Additional information

No response

Uksa007 commented 2 years ago

Anyone have any thoughts or suggestions? I have set a delay between each canbus.send of 12ms but that didn't seems to help. Is there any way to clear the canbus tx messages that haven't been acknowledged?

ircoopr commented 2 years ago

Hello Uksa007 - with I could help but i'm actually here after finding this same issue running your fork of the esphome-jk-bms project! Thanks so much for all your work on that, I thought I was going to have to do this myself before I found your work!

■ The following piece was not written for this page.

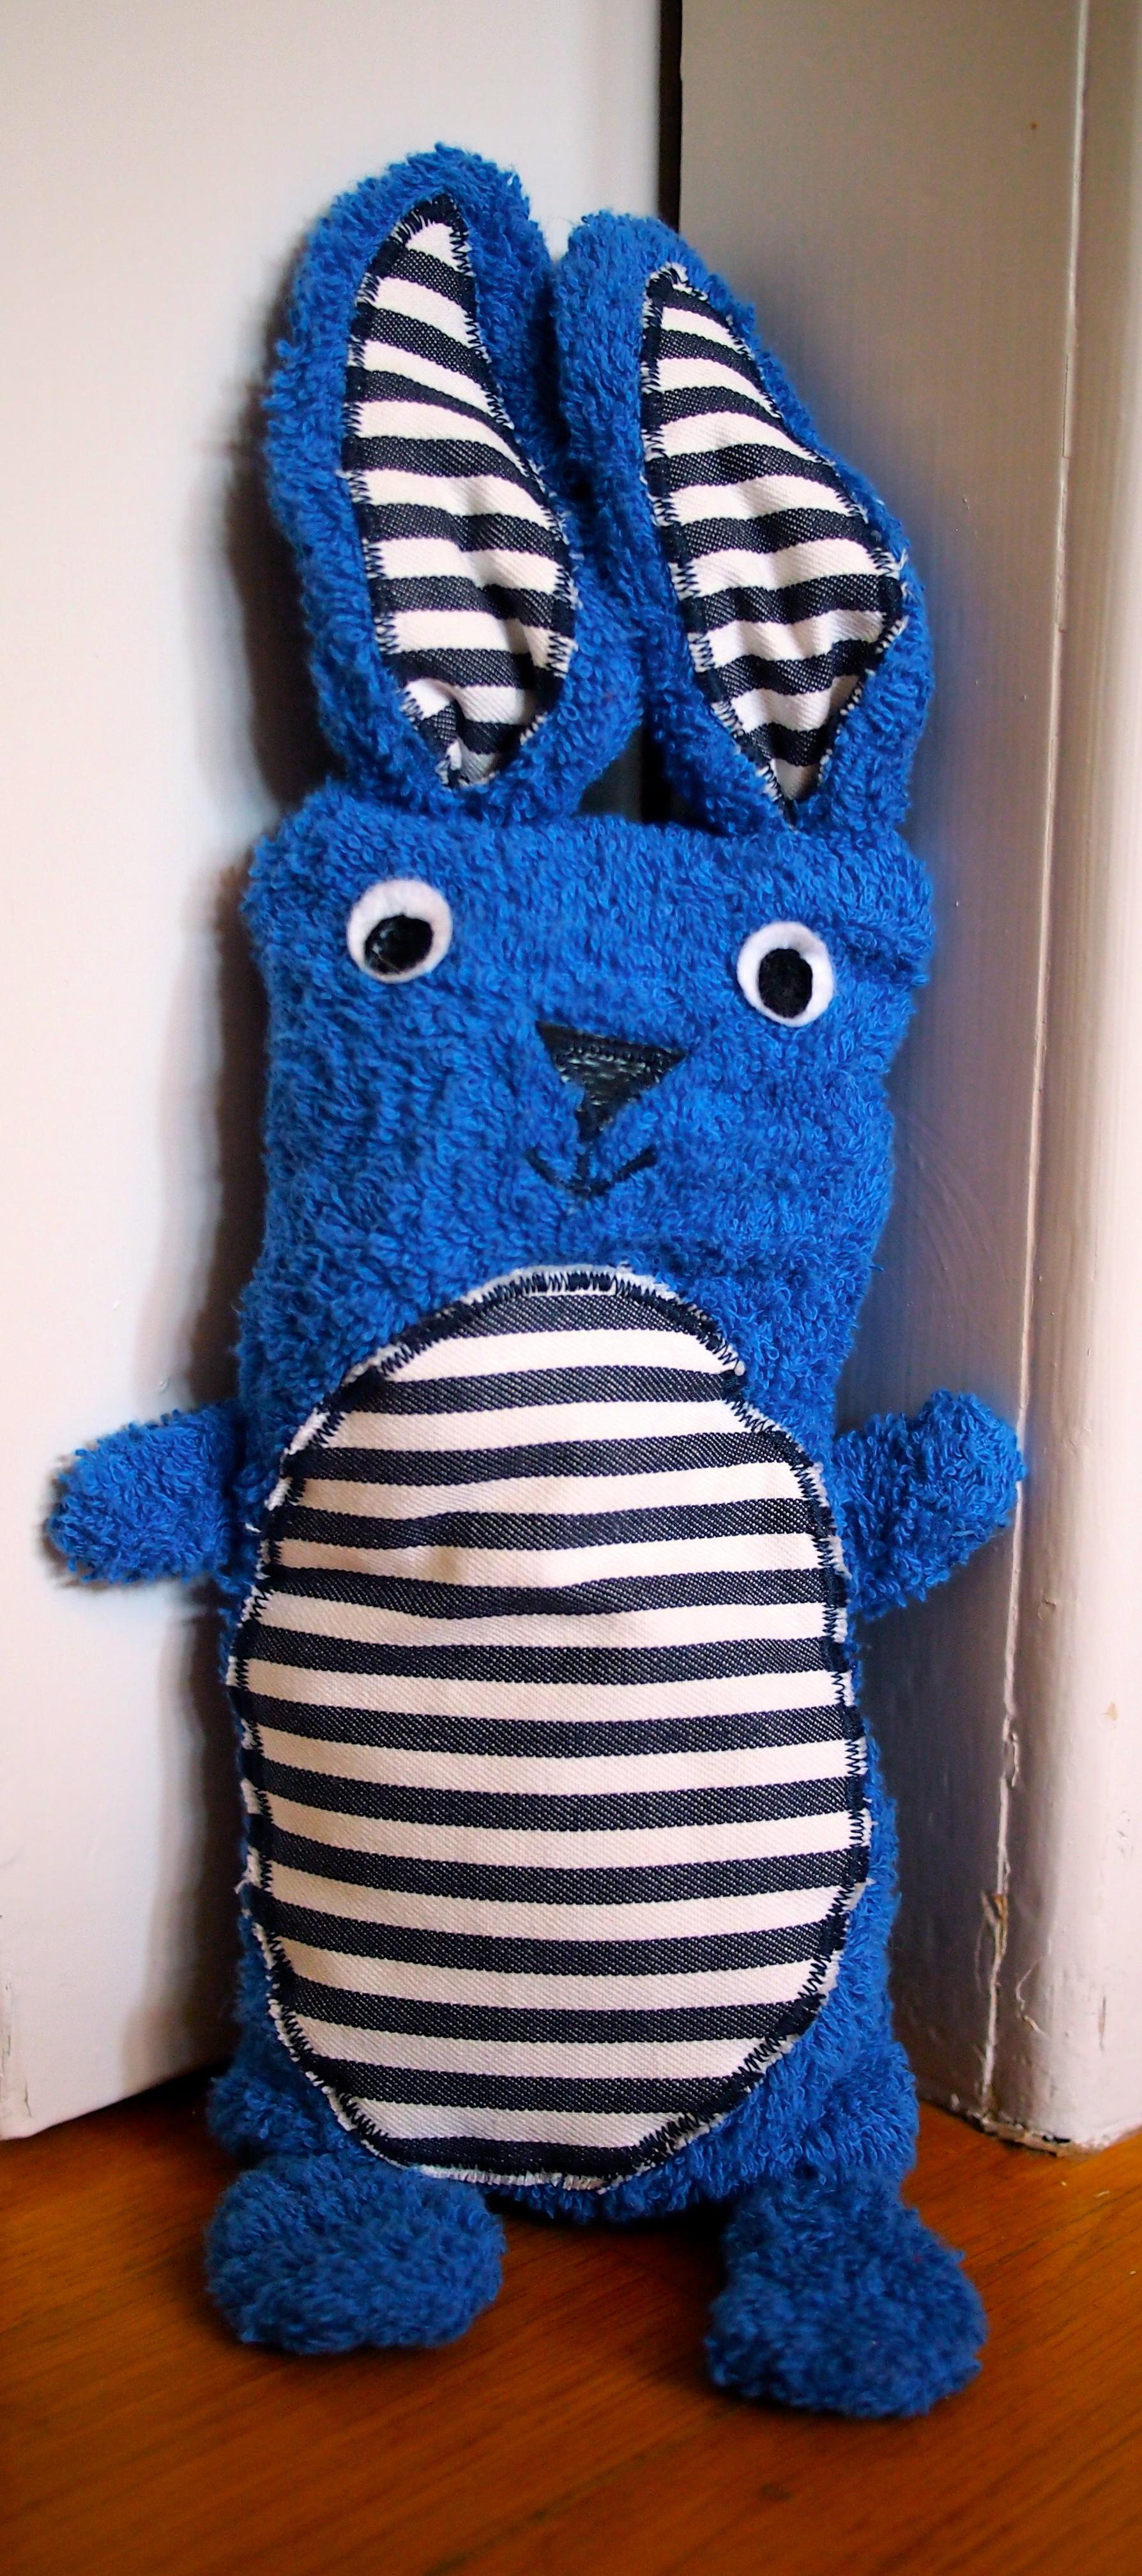 Cuddly Rabbit for Babies / Children / Grown-ups

I'll let you know if I do find a solution, I don't love the idea of the inverter going offline and losing comms with my BMS system as a result!

autox86 commented 1 year ago

@oxan @CarlosGS I have seen you have been involved for other watchdog related queries. https://github.com/esphome/esphome/pull/2846 https://github.com/esphome/esphome/pull/2535

Would you be able to help here to get that fixed as well? We would love to have CAN BUS running for some Battery Managment https://github.com/Uksa007/esphome-jk-bms-can

@nielsnl68 Is this issue related to your fix? https://github.com/esphome/issues/issues/3422#issuecomment-1247300527

Uksa007 commented 10 months ago

@oxan @CarlosGS @autox86 @nielsnl68

ili9341 is a display using SPI bus, this is CAN bus using the native ESP32 TWAI, doesn't seem related?

Any progress/how do we move this forward?